I feel really weird you guys.
So why did I keep buying Gran Turismo games? Perfectly valid question, and the answer is this: I like Playstation controllers, and I like cars, and therefore Polyphony has me by the balls. I used to be able to defend Gran Turismo to Forza players and actually feel like I had an argument. But ten years later, I know exactly how George W. Bush's constituency feels. Or at least how they should feel.
So I load Race '07, and I'm like,
"Ahem, um, I'd like to drive a car please?"
"That's what we do."
"So how many hours of bullshit am I going to have to go through?"
"Sir?"
"You know, content I paid for locked behind what should be a tutorial, that kind of thing."
"Sir this is a racing game."
"Well yeah I know but... Wait, can I drive a car now?"
"Wouldn't be much of a racing game if you couldn't."
"I mean a fast one, a fast car."
"We don't have slow ones."
"Wait a minute, I've seen this scam before. Lemme guess, you'll let me drive one or two of your cars but if I want the whole selection I have to jump through the hoops, right?"
"Sir if you want the whole selection, you click 'Select car'."
"I probably shouldn't be driving right now. I'm so god damn dizzy, I don't know why."

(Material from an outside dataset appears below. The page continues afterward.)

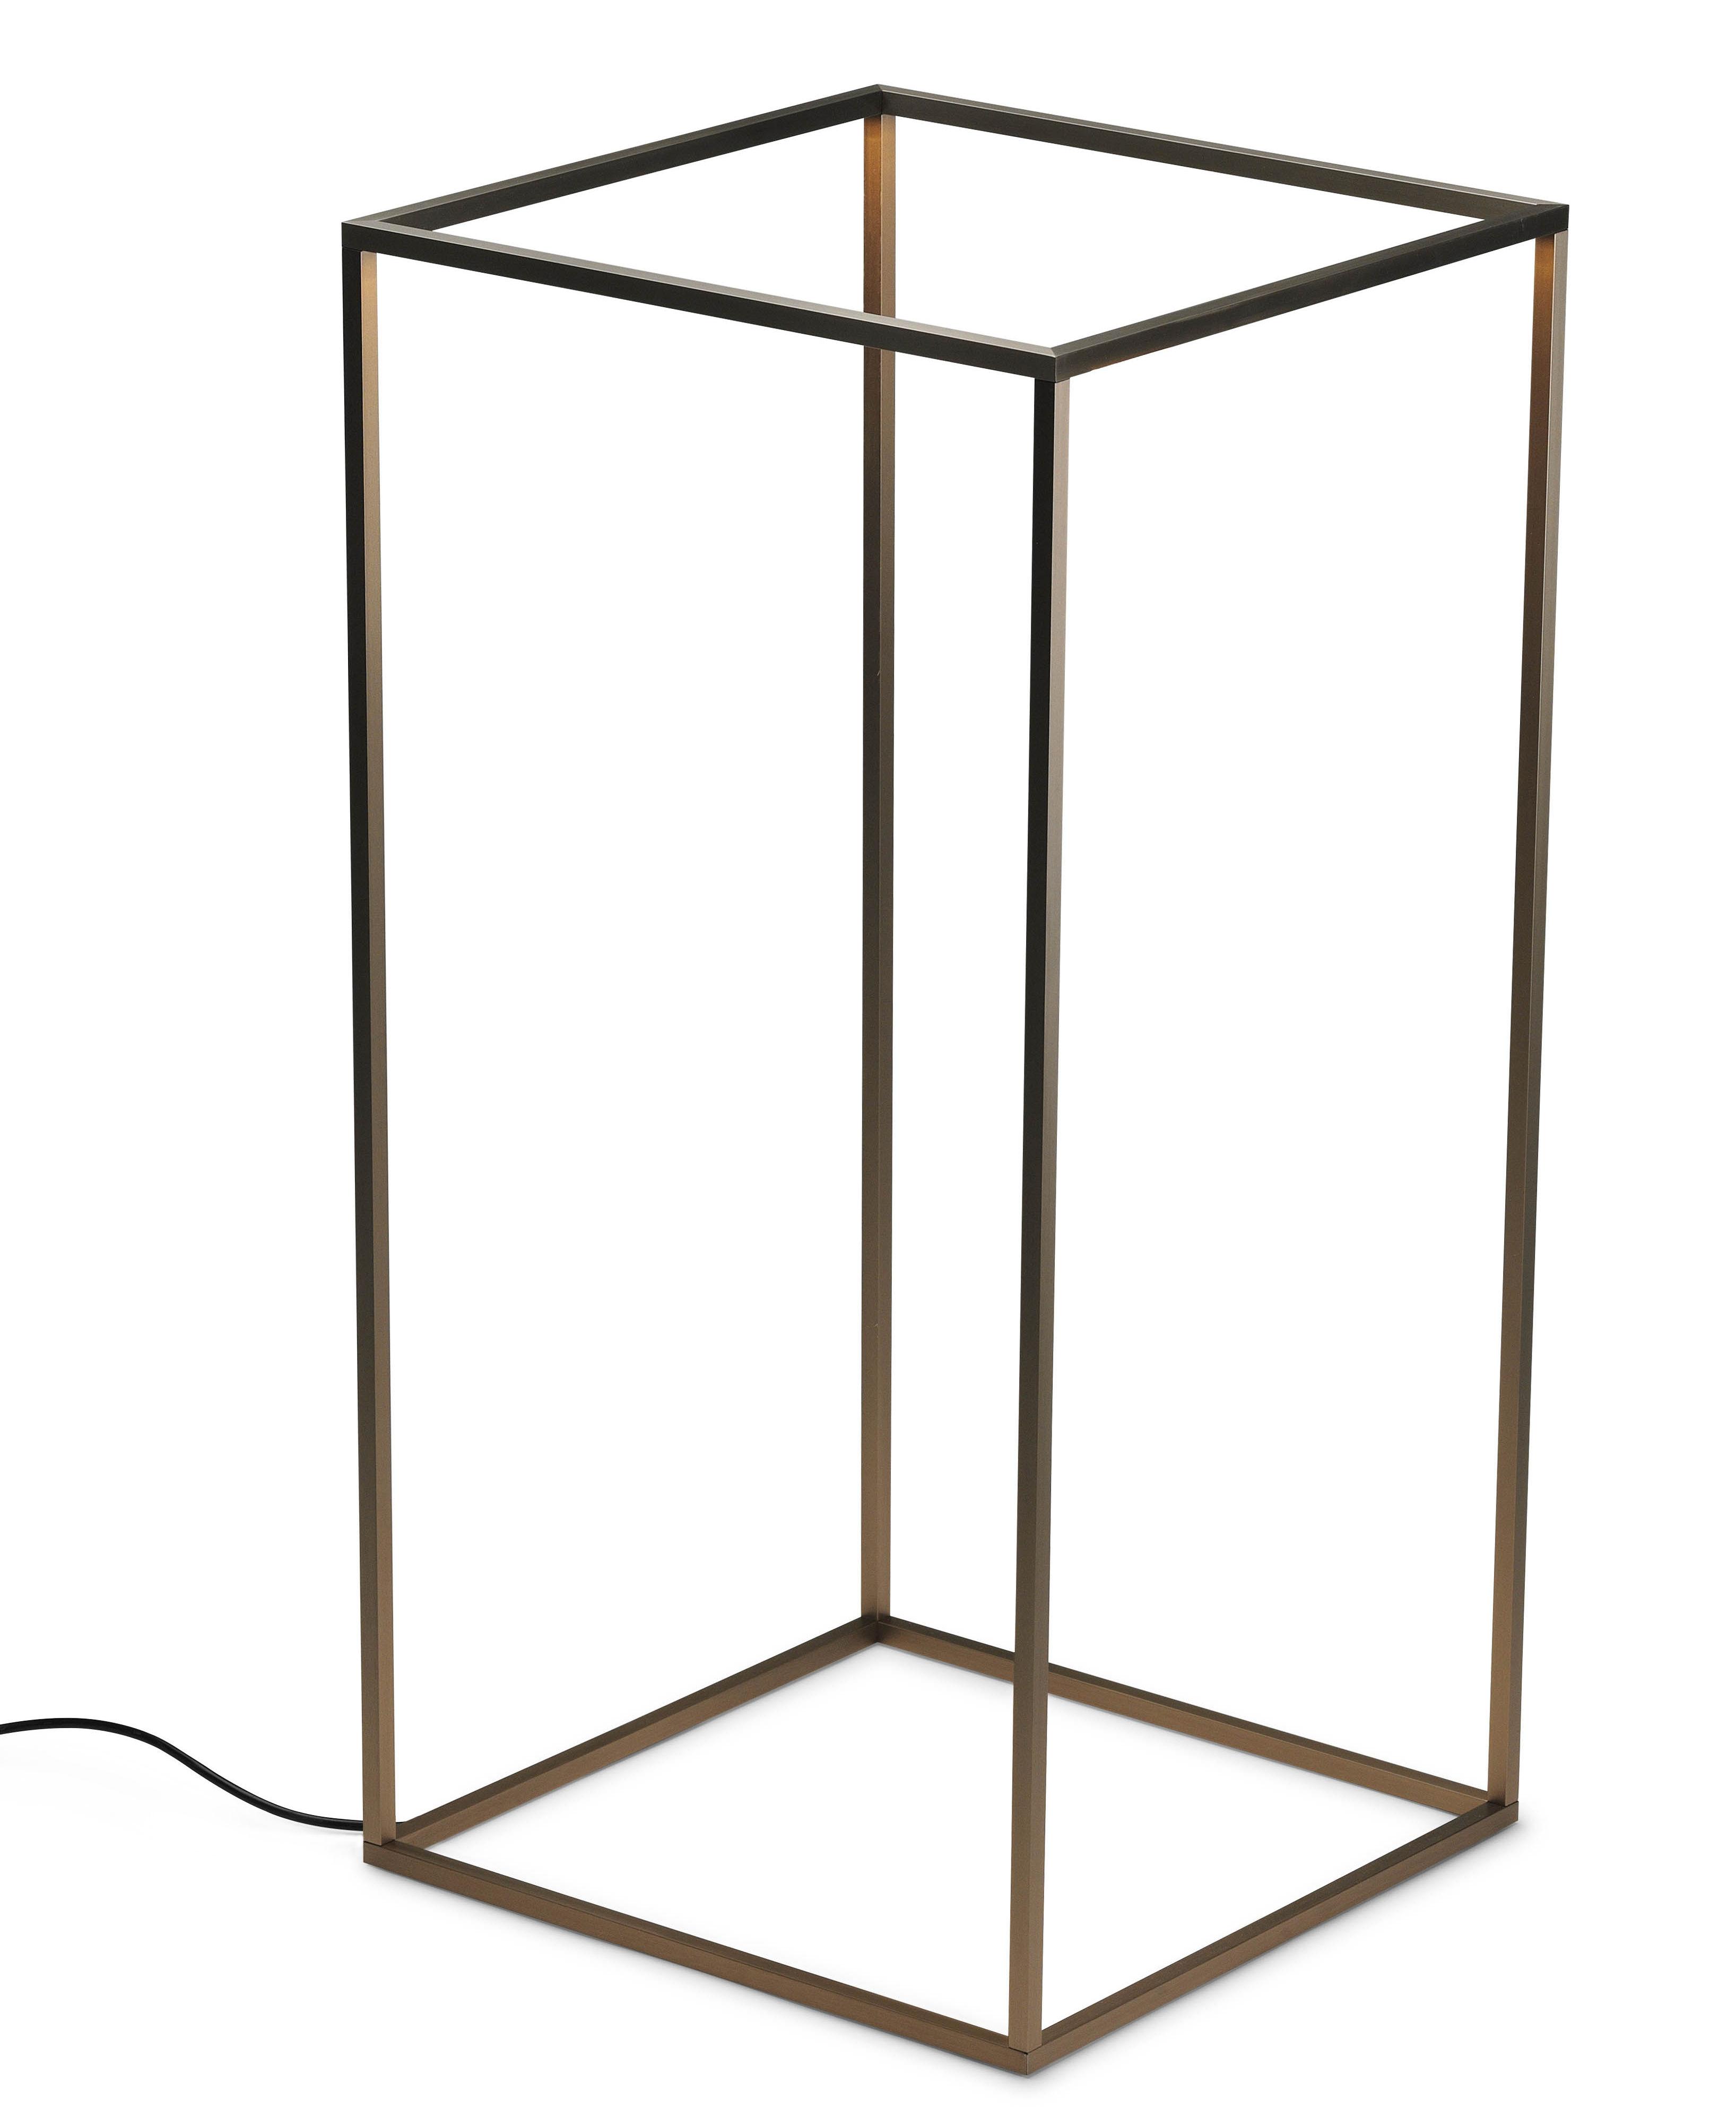 Lighting - Floor lamps - Ipnos Lamp by Flos - Brass - Extruded aluminium

I pick a car and a course at random. The car is fast, and it actually feels fast. There's a little heads up display letting me know when a tight corner is coming up. The game's physics are sacrificing reality to help me hold traction in corners, but I don't care. You know why? Because it's fun. It's funnnnn-na.
In a world where you either have Gran Turismo, "Life sucks, play our fucking game you shit." or Mario Kart, "Actually driving is too hard, so we made a button that automatically lets you drift perfectly. After that, races are a dice roll," it's really really nice to discover a reasonable compromise that isn't no-practice-mode-for-some-god-damn-reason-also-this-was-built-on-a-rally-game-engine-so-hope-you-enjoy-getting-dicked-by-corners GRID.
I'm looking at my stream of consciousness rage about Gran Turismo, and I'm reminded of a certain reality show called Intervention. People see the people they love dearly throwing away their potential, making stupid self destructive decisions that they, as non-addicts, just don't understand. I guess that means in spite of everything, I still love Gran Turismo. (I also love Mario Kart. Sorry you got dragged into this Karty.)
Race '07 is less full featured than Gran Turismo, but as I've discussed most of those features feel like obstacles. It doesn't have as many cars, but they're all at the same resolution (oh yeah, add that to the bullshit list on GT5) and they're all available at the start. As Dara O'Briain would say, "I unlocked it in the shop with my credit card"
Finally. Finally, finally, finally. We have a game that takes racing seriously but isn't an exercise in self-flagellation. And it's called Speed Freaks. Wait... is that right? Man, you ever feel weird?